As regards the object, then, so far as it is immediate, an indifferent objective entity, we saw Reason, at the stage of “Observation”, seeking and finding itself in this indifferent thing – i.e. we saw it conscious that its activity is there of an external sort, and at the same time conscious of the object merely as an immediate object.

We saw, too, its specific character take expression at its highest stage in the infinite judgment: “the being of the ego is a thing”. And, further, the ego is an immediate thing of sense. When ego is called a soul, it is indeed represented also as a thing, but a thing in the sense of something invisible, impalpable, etc., i.e. in fact not as an immediate entity and not as that which is generally understood by a thing. That judgment, then, “ego is a thing”, taken at first glance, has no spiritual content, or rather, is just the absence of spirituality. In its conception, however, it is in fact the most luminous and illuminating judgment; and this, its inner significance, which is not yet made evident, is what the two other moments to be considered express.

'791' The thing is ego.

Thing is transcended in this infinite judgment. The thing is nothing in itself. It only has significance in relation, only through the ego and its reference to the ego.
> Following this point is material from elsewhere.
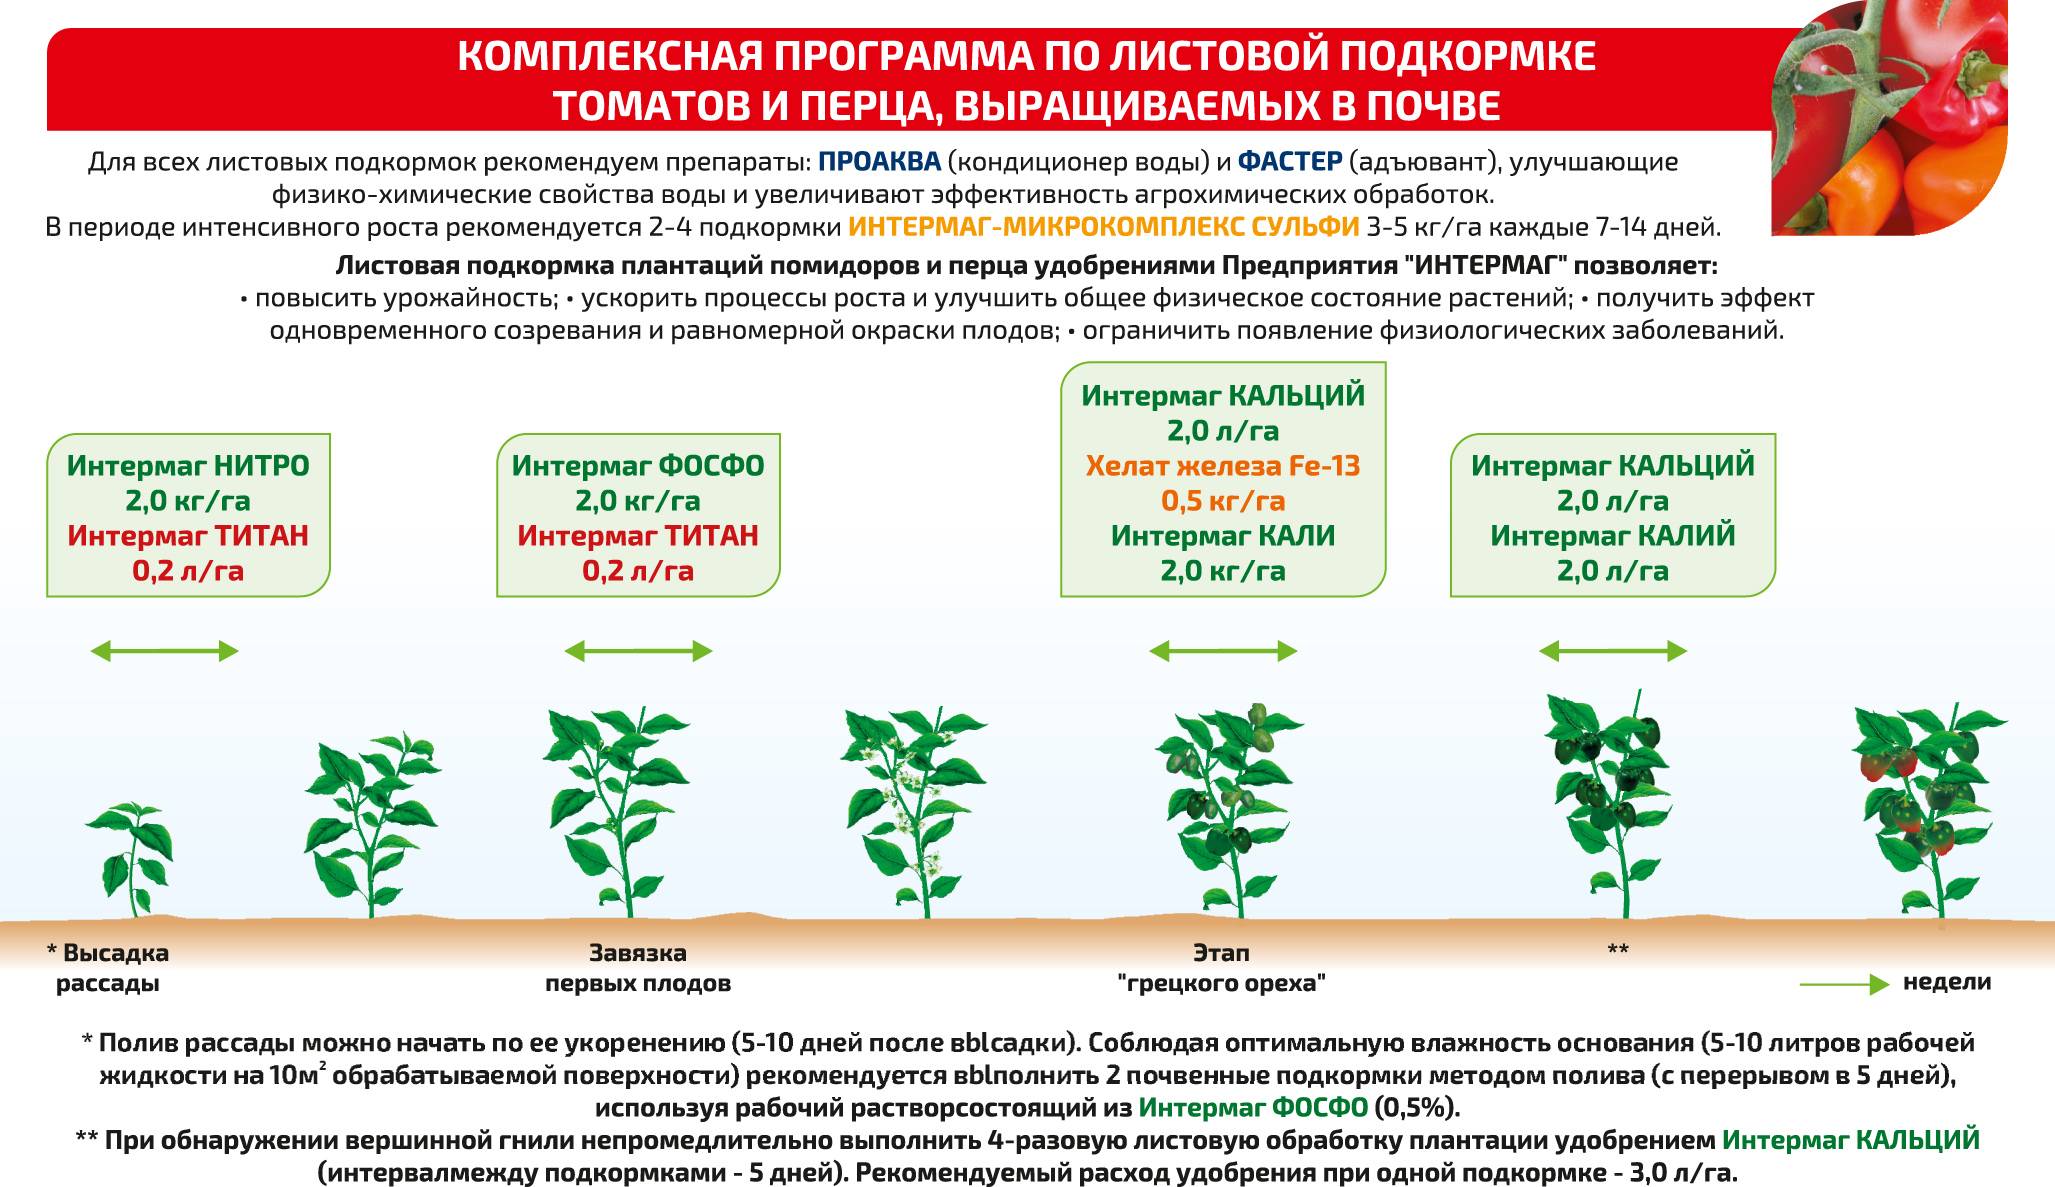 Подкормка огурцов в разные периоды для увеличения урожая в два раза

This moment came before consciousness in pure insight and enlightenment. Things are simply and solely useful, and only to be considered from the point of view of their utility.

The trained and cultivated self-consciousness, which has traversed the region of spirit in self-alienation, has, by giving up itself, produced the thing as its self; it retains itself, therefore, still in the thing, and knows the thing to have no independence, in other words knows that the thing has essentially and solely a relative existence.

Or again – to give complete expression to the relationship, i.e. to what here alone constitutes the nature of the object – the thing stands for something that is self-existent; sense-certainty (sense-experience) is announced as absolute truth; but this self-existence is itself declared to be a moment which merely disappears, and passes into its opposite, into a being at the mercy of an “other”.